Objectives To predict the number of selected outcomes temporally associated but not caused by vaccination, to aid causality assessment of adverse events arising after mass immunisation in a paediatric population.
Design Nationwide population based cohort study.
Participants All liveborn infants delivered after 1 January 1980. Study population was followed from date of birth until hospital admission for selected outcome diagnoses, death, first emigration, age 18 years, or 31 December 2009. The study population was subject to vaccines used in standard childhood immunisation in Denmark, with 82-93% vaccine coverage.

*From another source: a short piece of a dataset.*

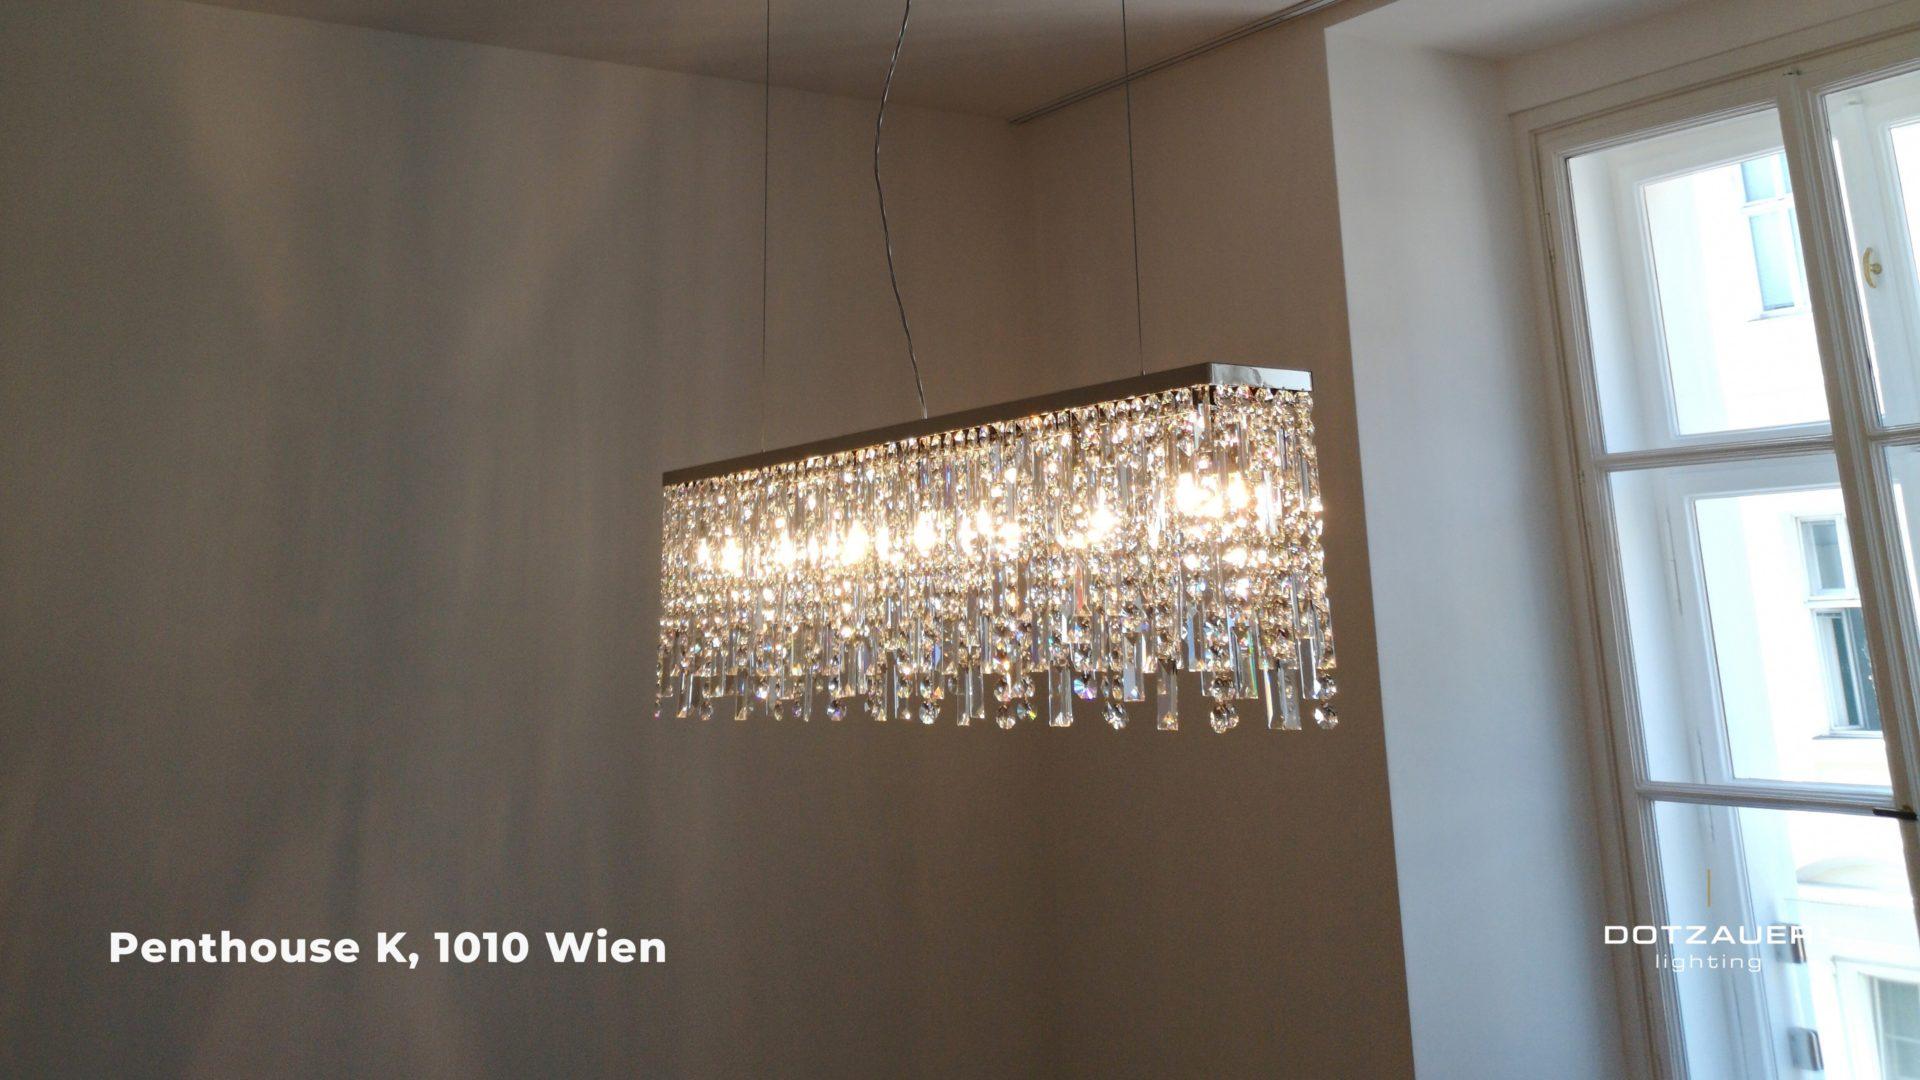 Licht für den Esstisch - Serie 4272 - Modell 4272 HL 123 - Hängeleuchte

Main outcome measures Incidence of acute infectious and post-infectious polyneuritis (Guillain-Barré syndrome), acute transverse myelitis, optic polyneuritis, facial nerve palsy, anaphylactic shock, seizure, multiple sclerosis, autoimmune thrombocytopenia, type 1 diabetes mellitus, juvenile and rheumatoid arthritis, narcolepsy, and death of unknown cause stratified by sex, age, and season. We predicted the number of events for a hypothetical vaccine cohort of 1 000 000 people for follow-up periods of up to 182 days.
Results The study included 2 300 227 liveborn infants, yielding 37 262 404 person years of follow-up; median follow-up was 16.8 person years. Incidence of outcome diagnoses spanned from 0.32 per 100 000 patient years for autoimmune thrombocytopenia to 189.82 per 100 000 patient years for seizure. Seasonal differences were most pronounced for anaphylactic shock, seizure, and multiple sclerosis. Even for rare outcomes, numerous events were predicted in the hypothetical vaccine cohort. We predicted that 20 cases of type 1 diabetes mellitus, 19 of juvenile or rheumatoid arthritis, eight of facial nerve palsy, and five of multiple sclerosis per 1 000 000 children would occur within 42 days after vaccination.
Conclusions Incorporating exact background rates of disease based on age, sex, and seasonal distribution could strengthen vaccine safety assessment, and provides an evidence based focus for discussing the incremental risk of newly introduced vaccines.